This is an open-access article distributed under the terms of the Creative Commons Attribution-Non Commercial-Share Alike 4.0 License, which allows others to remix, tweak, and build upon the work non-commercially, as long as the author is credited and the new creations are licensed under the identical terms.

How to cite this article: Franco-Restrepo JE, Vargas RA. Behavioural and molecular effects of alcohol in the stress model of zebrafish. Indian J Physiol Pharmacol 2021;65:153-61.



Stress and anxiety disorders are common health problems that have been related to an increase in the likelihood of developing addictions, which have individual and social consequences. Although socially acceptable, alcohol is a substance that can generate dependence and abuse. Alcohol misuse, its relationship with stress and its consequences have been studied; however, multiple limitations are placed on clinical research in humans. In this exploratory work, we analysed the behavioural and molecular effects of joint exposure to ethanol and an unpredictable stress protocol (USP) in adult zebrafish.

Materials and Methods:

Adult zebrafish behaviour was studied employing unpredictable stress and behavioural tests. The tests were performed in stressed and nonstressed animals with and without exposure to known concentrations of alcohol. To evaluate the behaviour, tracking techniques were used on video recordings and parameters such as distance travelled, swimming speed and place preference as well as aggression patterns with mirror proximity tests were measured. In the control and 0.75% alcohol group, the expression of candidate stress-related genes (slc6a4a, slc6a3, comta and bdnf3) was analysed by RT-qPCR.


The results showed that concentrations of 0.75% alcohol reduced the locomotor activity of the fish, which can be interpreted as an increase in the anxiolytic effect of alcohol under nonstress conditions. Expression of comta, bdnf3 and slc6a3 was reduced in the stress and stress plus 0.75% ethanol groups and expression of slc6a4a was increased in the stress plus 0.75% alcohol group.
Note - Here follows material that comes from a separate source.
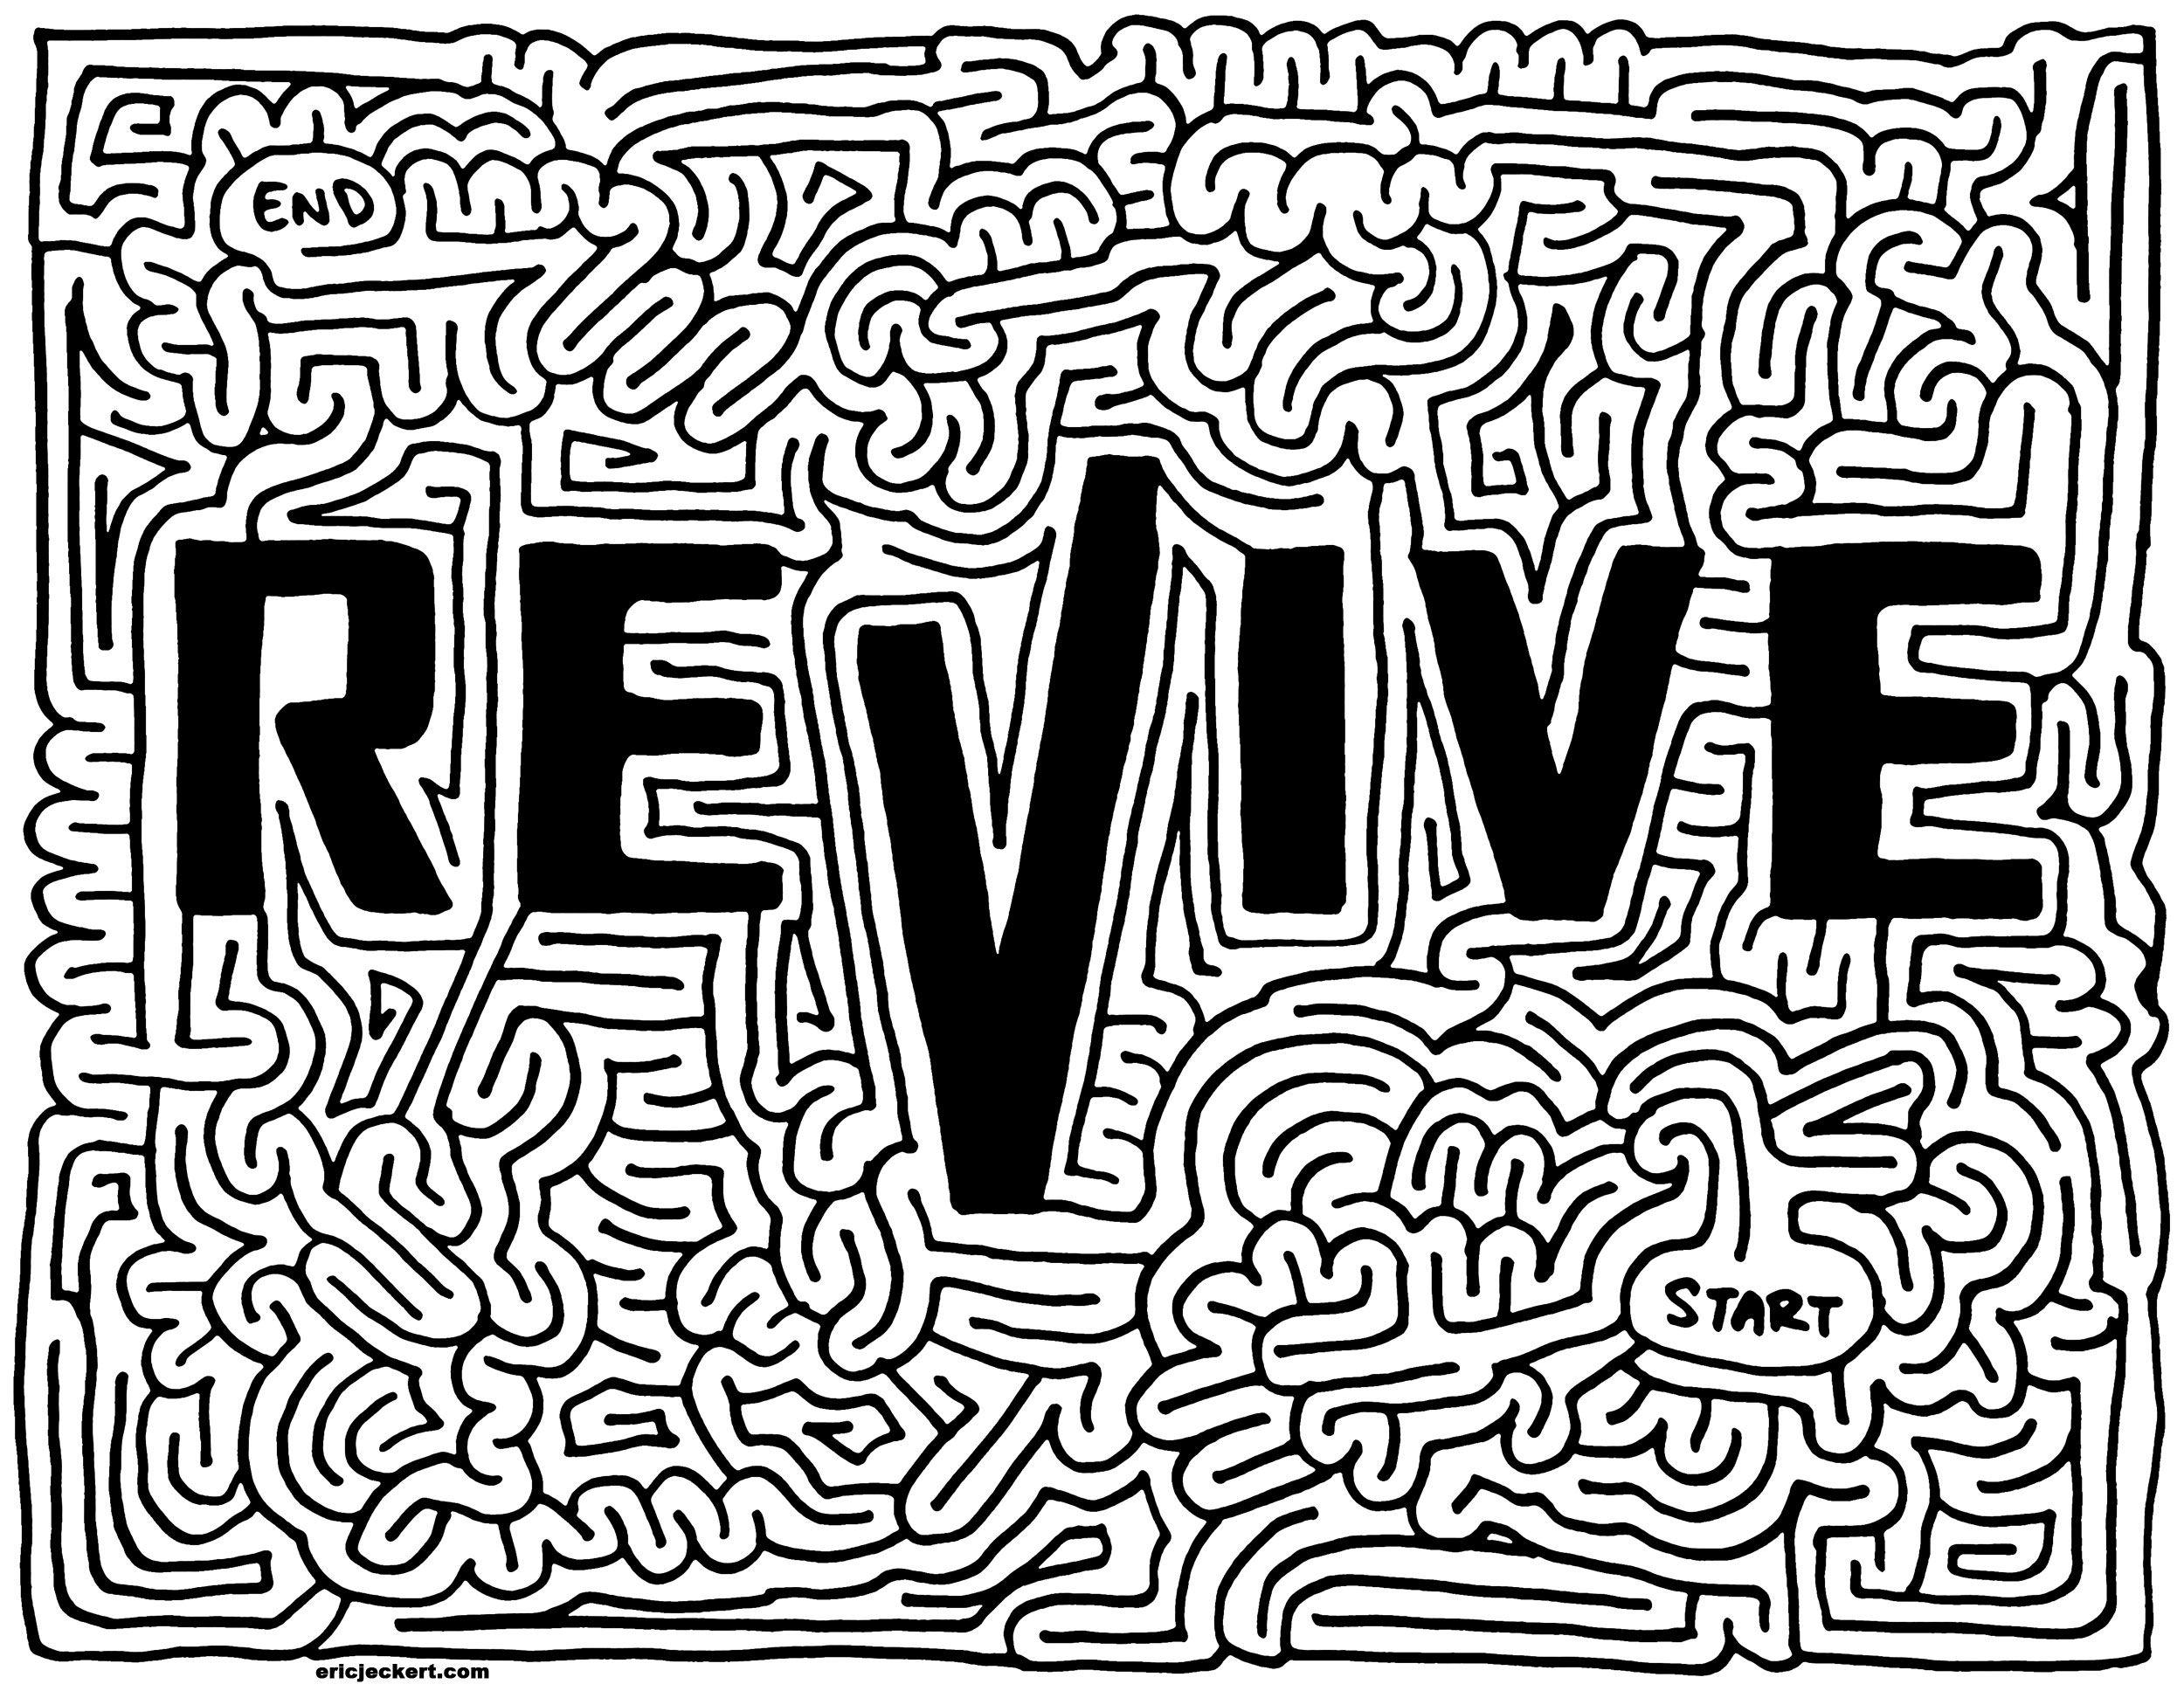 Revive Skateboards Logo - mazes » Revive Skateboards - by Eric J Eckert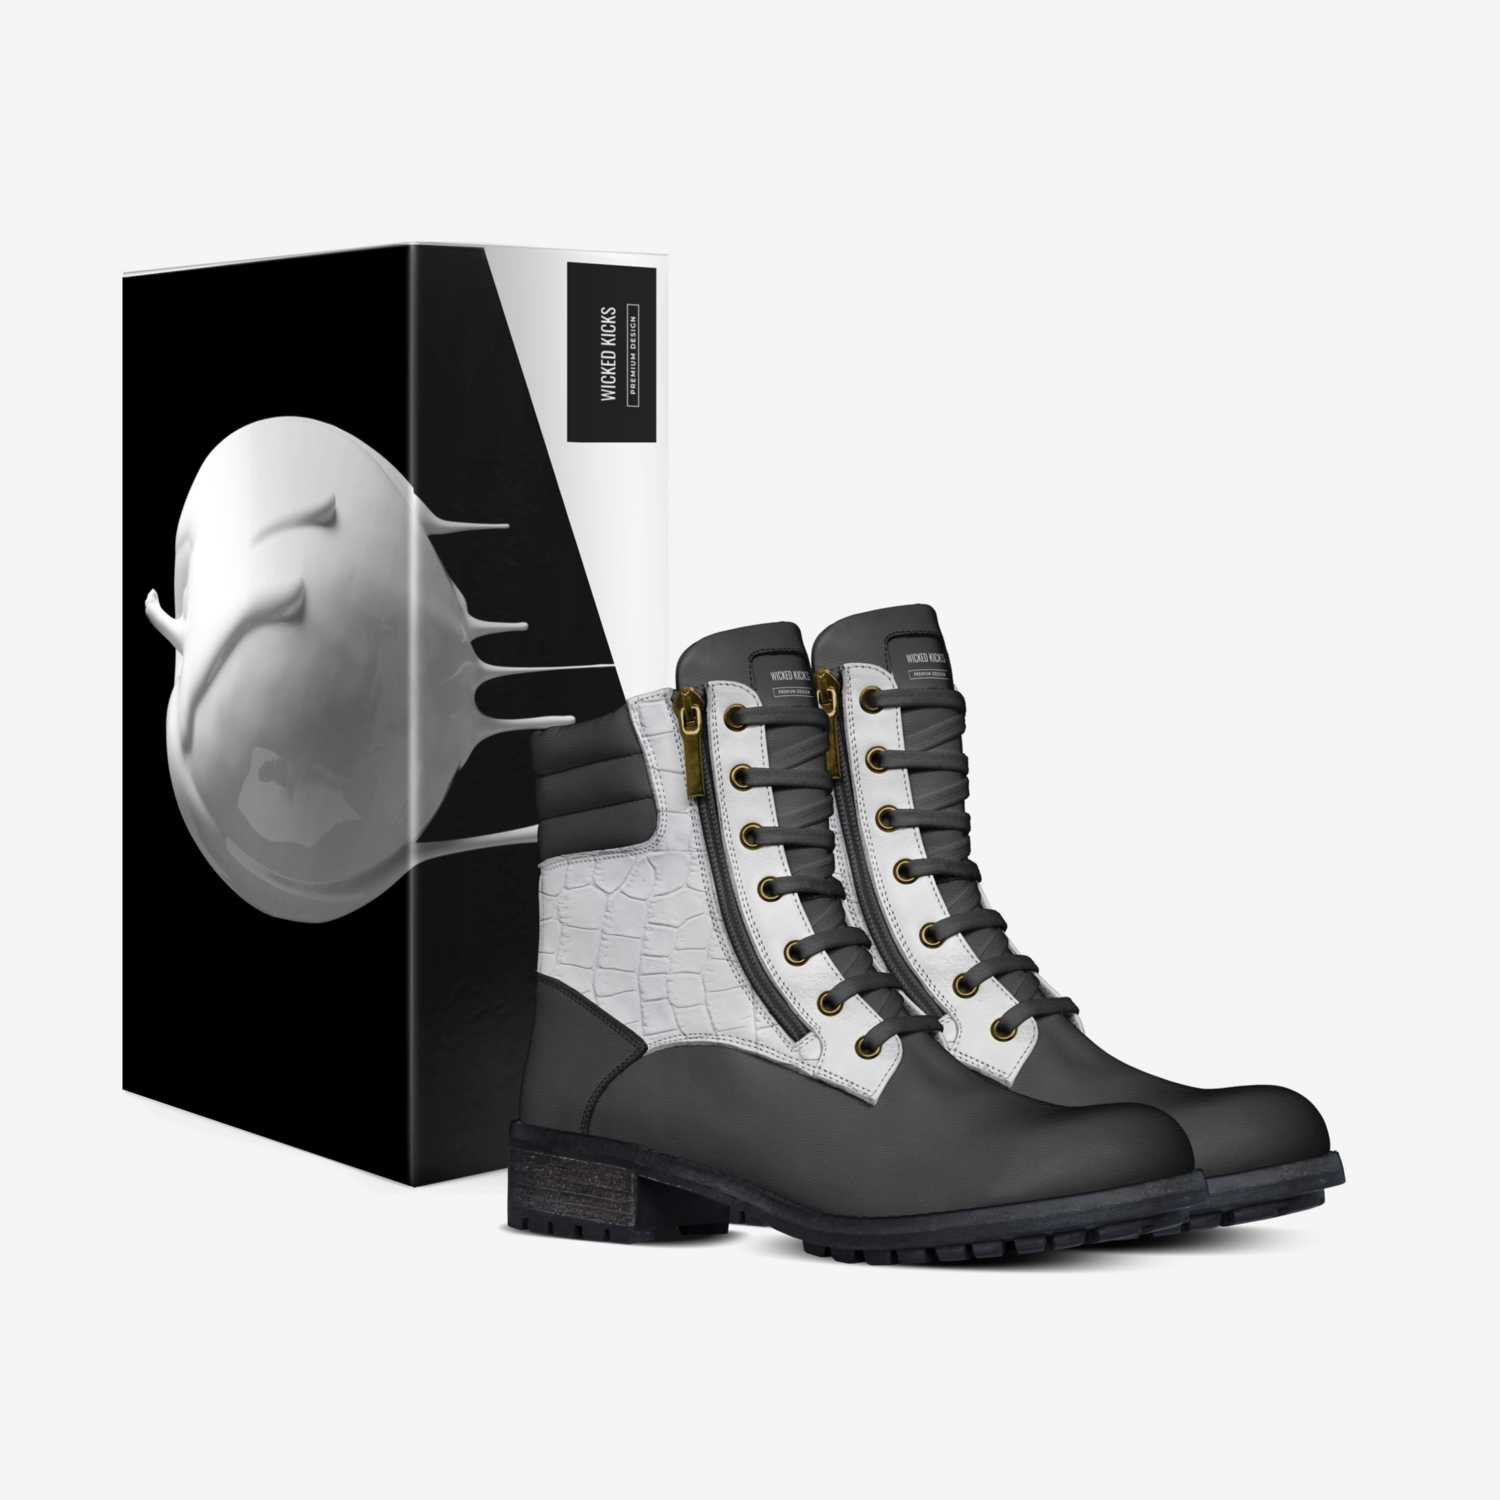 Wicked Kicks custom made in Italy shoes by Jacks B | Box view

Our exploratory work contributes novel insights about the molecular and behavioural effects of the combination of unpredicted stress and alcohol misuse. The USP and ethanol exposure increase anxiety behaviour and reduce the expression of genes involved in brain homeostasis. Future study of other pharmacological compounds and additional genes will be helpful for a deeper understanding of the molecular mechanisms involved in the response to stress and alcohol use.


Mental health
Animal models


Anxiety and stress have been linked to an increased likelihood of developing addictions, such as alcohol misuse and addiction.[1] Predisposing factors for alcoholism include psychosocial stress and affective disorders, which are also risk factors for chronic diseases.[1,2] Moreover, psychosocial stress might potentiate the consumption and negative effects of alcohol and reinforce abnormal drinking behaviour.[2] Alcohol consumption has also been linked to aggressive behaviours, such as violent and sexual assault, child abuse, rape, domestic violence, aggressive acts toward the self and homicides, among others.[3] Aggressive behaviours are highly related to alcohol due to the lowered inhibition in the central nervous system by GABA.[3] Although alcohol abuse and its consequences have been studied in humans, multiple limitations are involved in such studies; thus, few clinical research studies have been performed on humans.[4] Furthermore, the complexity of the human brain limits the potential to identify basic mechanisms related to the relationship among stress, anxiety and alcohol misuse; thus, basic studies in animal models are required to investigate its possible pathophysiology.[5]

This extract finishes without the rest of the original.